Warehouse Data Stores often blend together with Corporate Data Stores. There are no essential differences between them other than an emphasis on formal storage management versus emphasis on high value and quality.
(Slide 22)
Corporate Data stores are designed largely to portray best and high quality results and use well-defined periodic or event-driven loading (publication) procedures from operational, project, master, and other sources.
Corporate Data Stores can exhibit two kinds of update behaviors. Portions do not allow updates other than through the defined loading procedures. Other portions are updated by designated authoritative applications and procedures. These portions serve as reference source material for use in operational and/or project data stores.
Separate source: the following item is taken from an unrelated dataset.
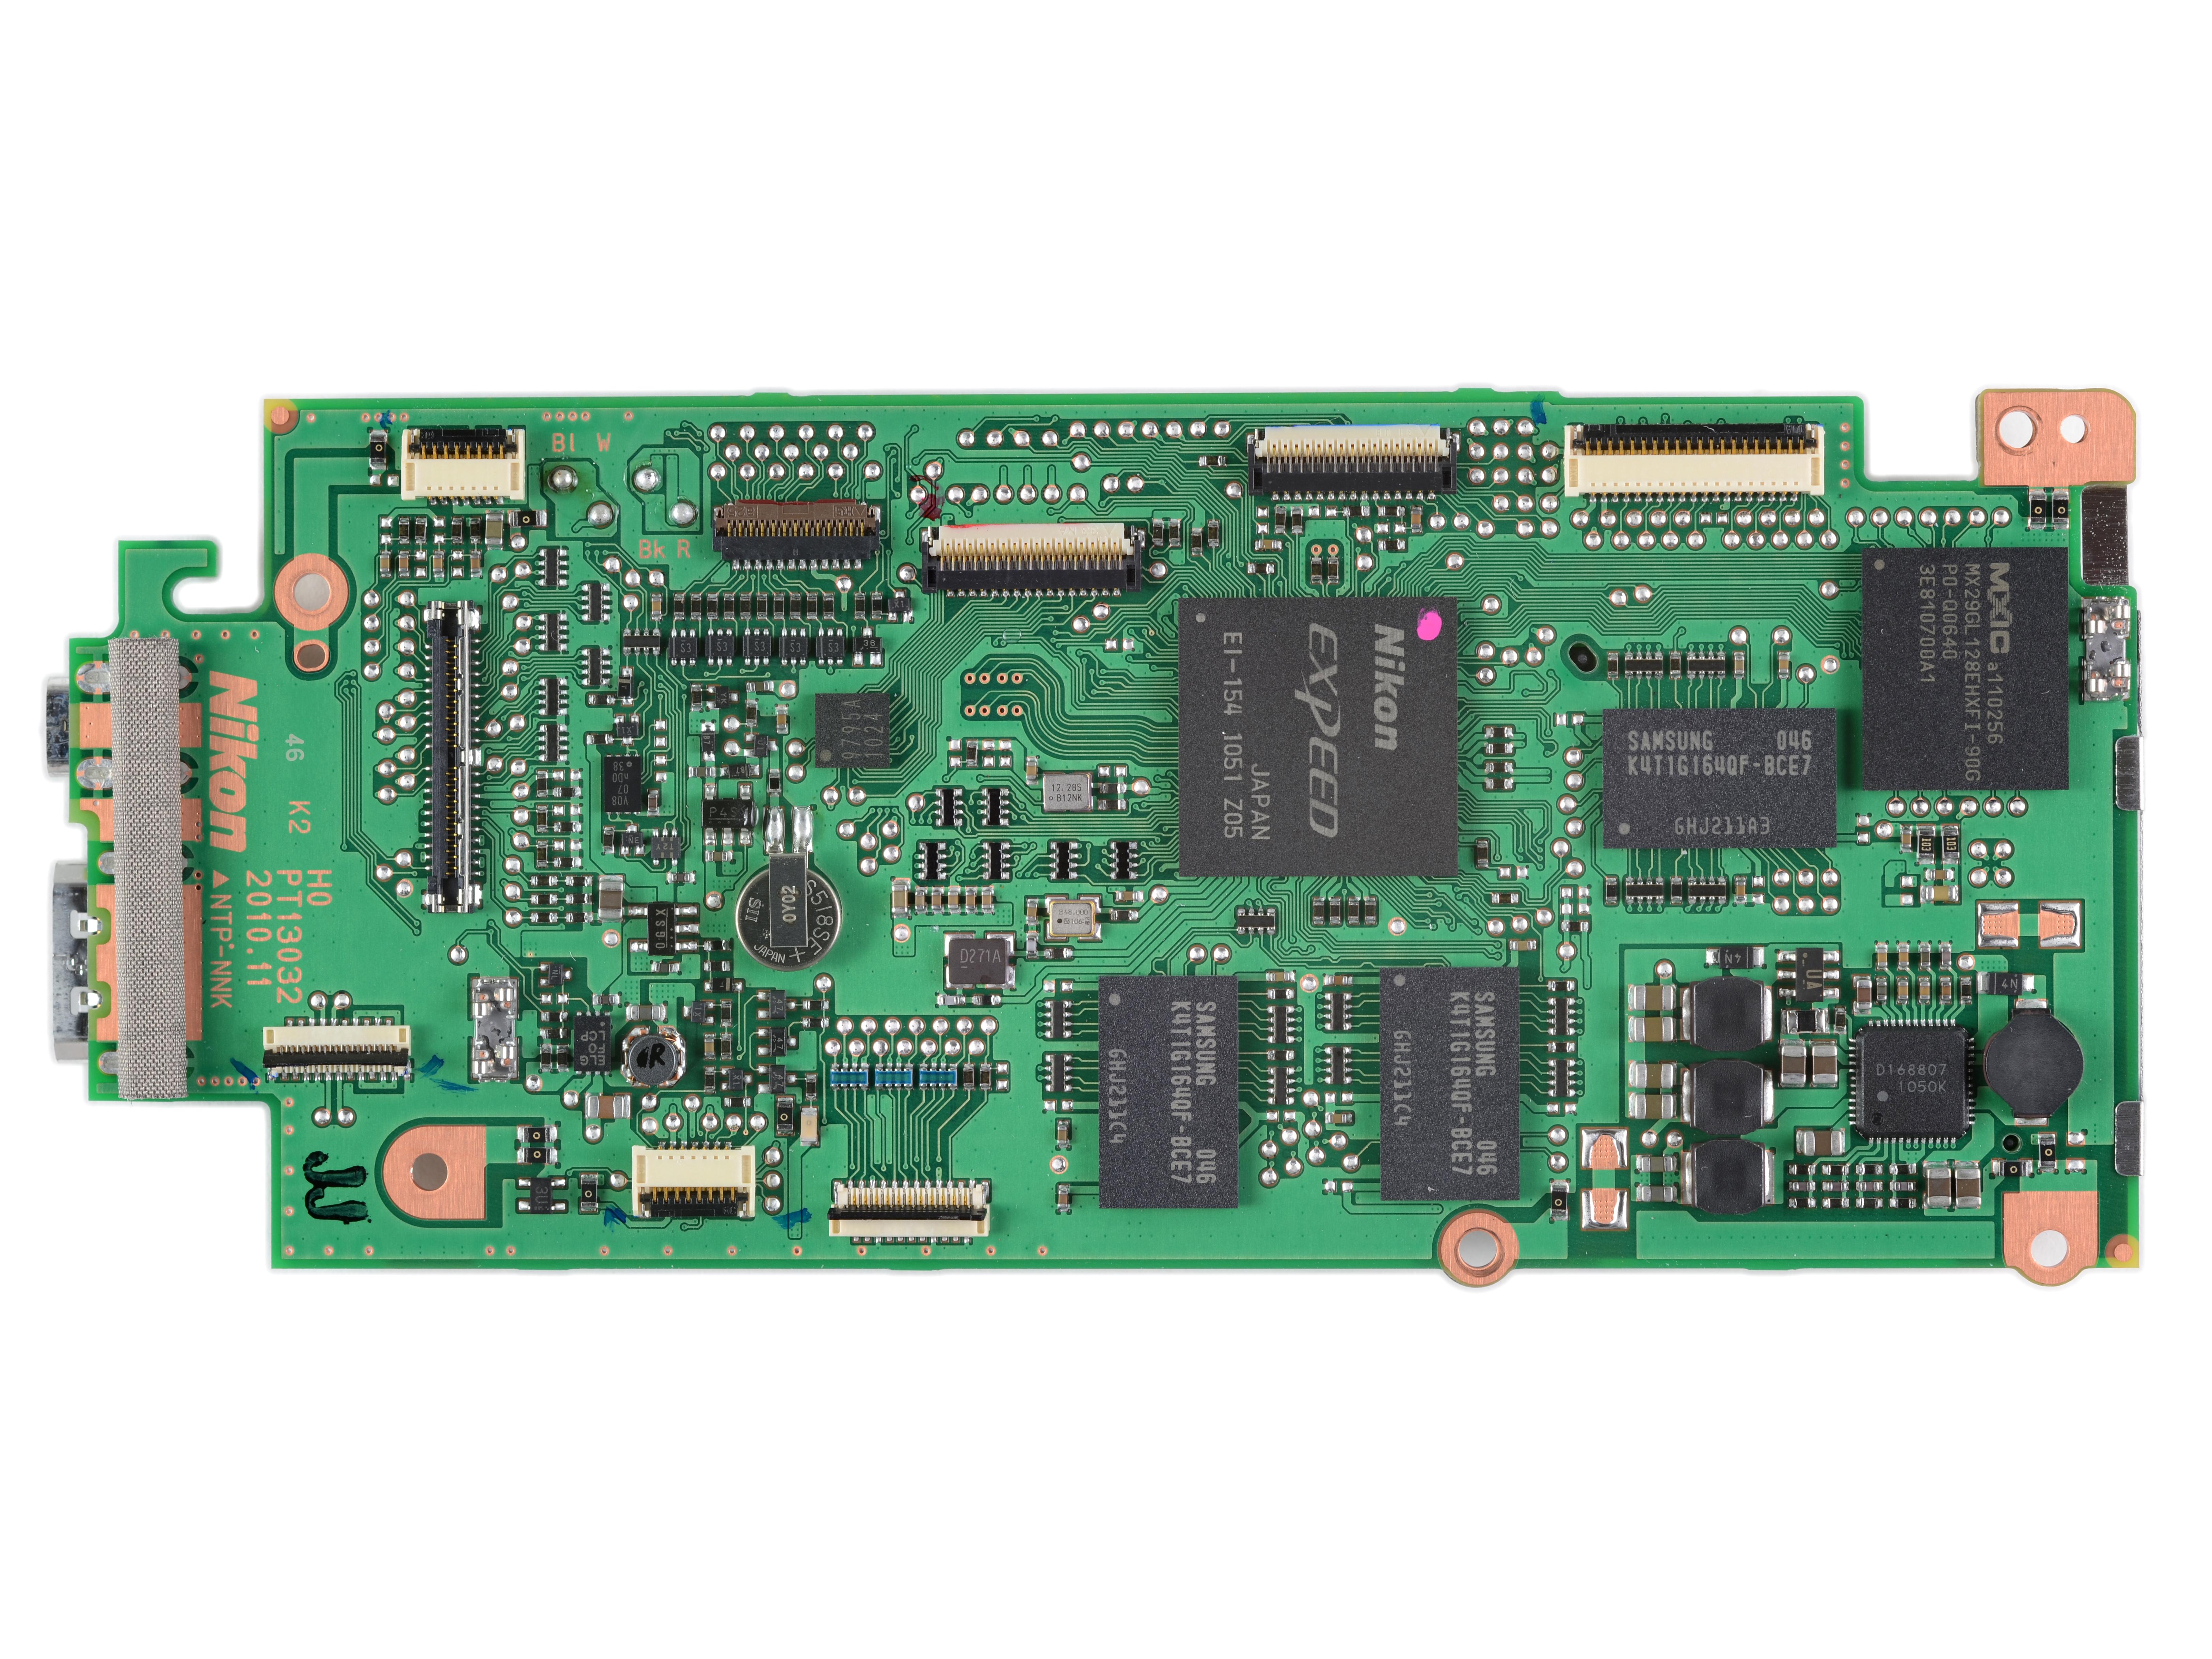 Nikon D5100 Teardown Ifixit Excellent Peelability Glue For Circuit Board Buy Step 7

Attendees were asked to consider the bi-directional nature of the relationship between Corporate Data Stores and Project/Operational Data Stores to determine whether there is a clear characterization of the separation between the two directions. Business reference information is managed directly in Corporate Data Stores and provided to Project/Operational Data Stores.
(Slide 23)
Despite the use of the term corporate, Corporate Data Stores may have any scope of coverage, e.g. global, regional, asset, etc. Federated Corporate Data Stores can be virtual compositions of multiple Corporate Data Stores each of smaller scope.
The contents of a Warehouse or Corporate Data Store is catalogued to the level of the defined information item types. Application updated information is catalogued as virtual information items, i.e. information items of known identity by variable content.
(Slide 24)
Master Data Stores often contain a small number of information item types of acquired or measured information (as opposed to processed, analyzed, interpreted results). In practice, other than acquired or measured information may be included.
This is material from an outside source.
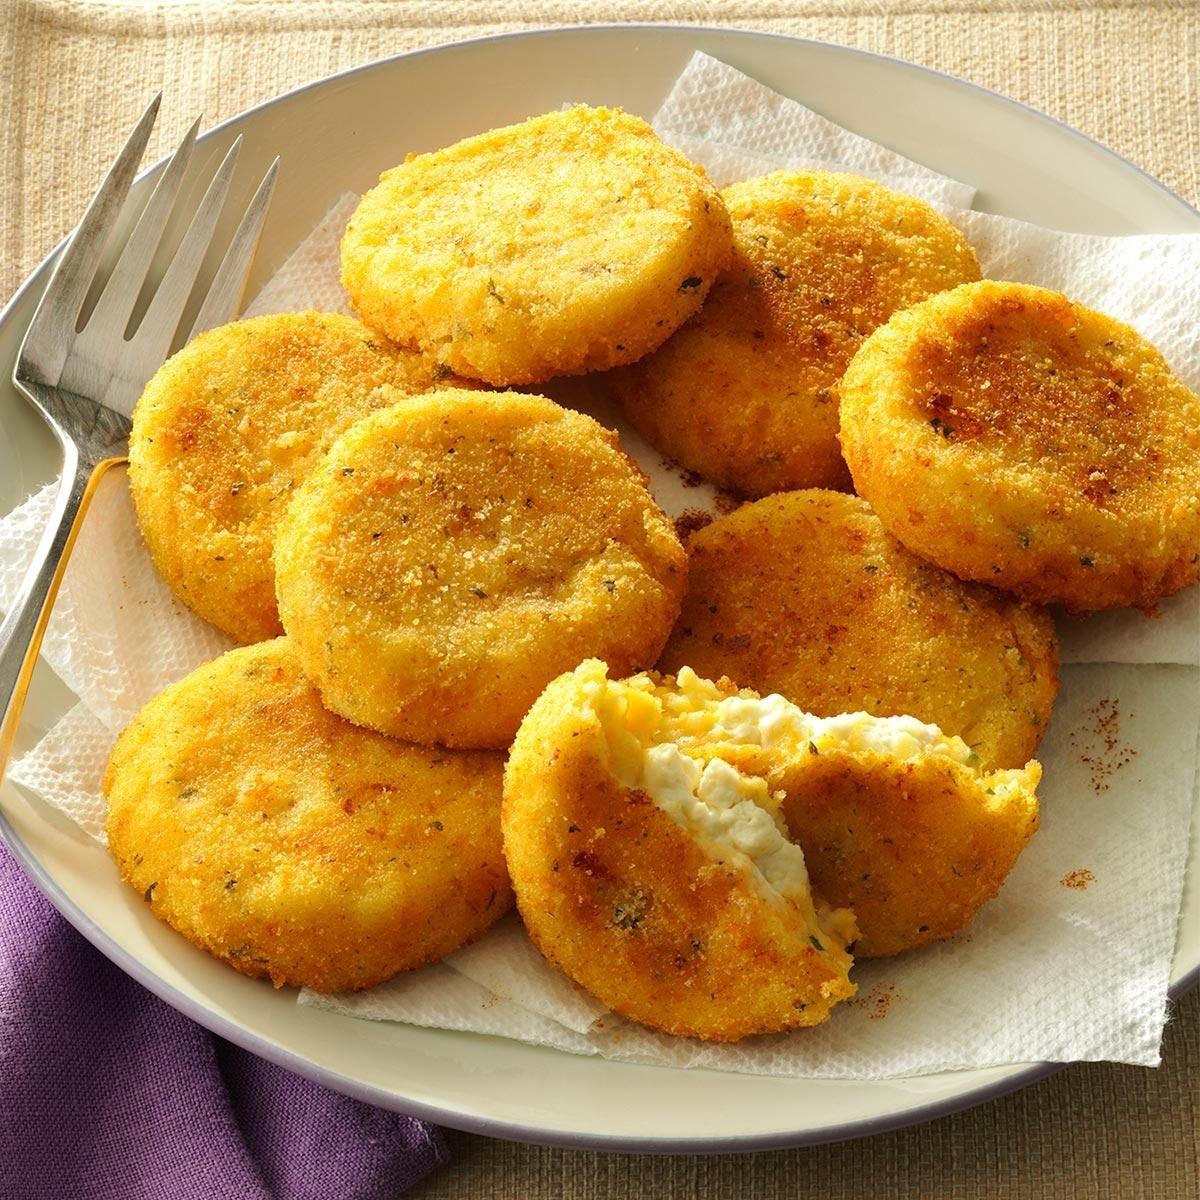 Loaded stuffed potato pancakes recipe taste of home

The distinction between acquired and measured information in Master Data Stores and processed, analyzed, and interpreted information in Corporate Data Stores is not fundamental or pure. For example, a depth-shifted well log may be thought of as processed, but may still be stored in a Master Data Store, where typically raw field measured data resides.
Master Data Stores often are managed external to active business units, are shared by multiple business units or companies, and are accessed using subscriber entitlement rules.
(Slide 25)
Loading the defined information item types following prescribed quality control procedures should be the only manner by which Master Data Stores are updated.
Historically, Master Data Stores have been used primarily for geoscience information, but other types of acquired or measured data may be included, e.g. real-time well-site acquisition data.
The contents of a Master Data Store is catalogued to the level of the defined information item types. This forms the fundamental association with Corporate and Warehouse Data Stores.
(Slide 26)
There are no absolute minimum or maximum boundaries for the scope of Project Data Stores in terms of duration, geographic extent, etc.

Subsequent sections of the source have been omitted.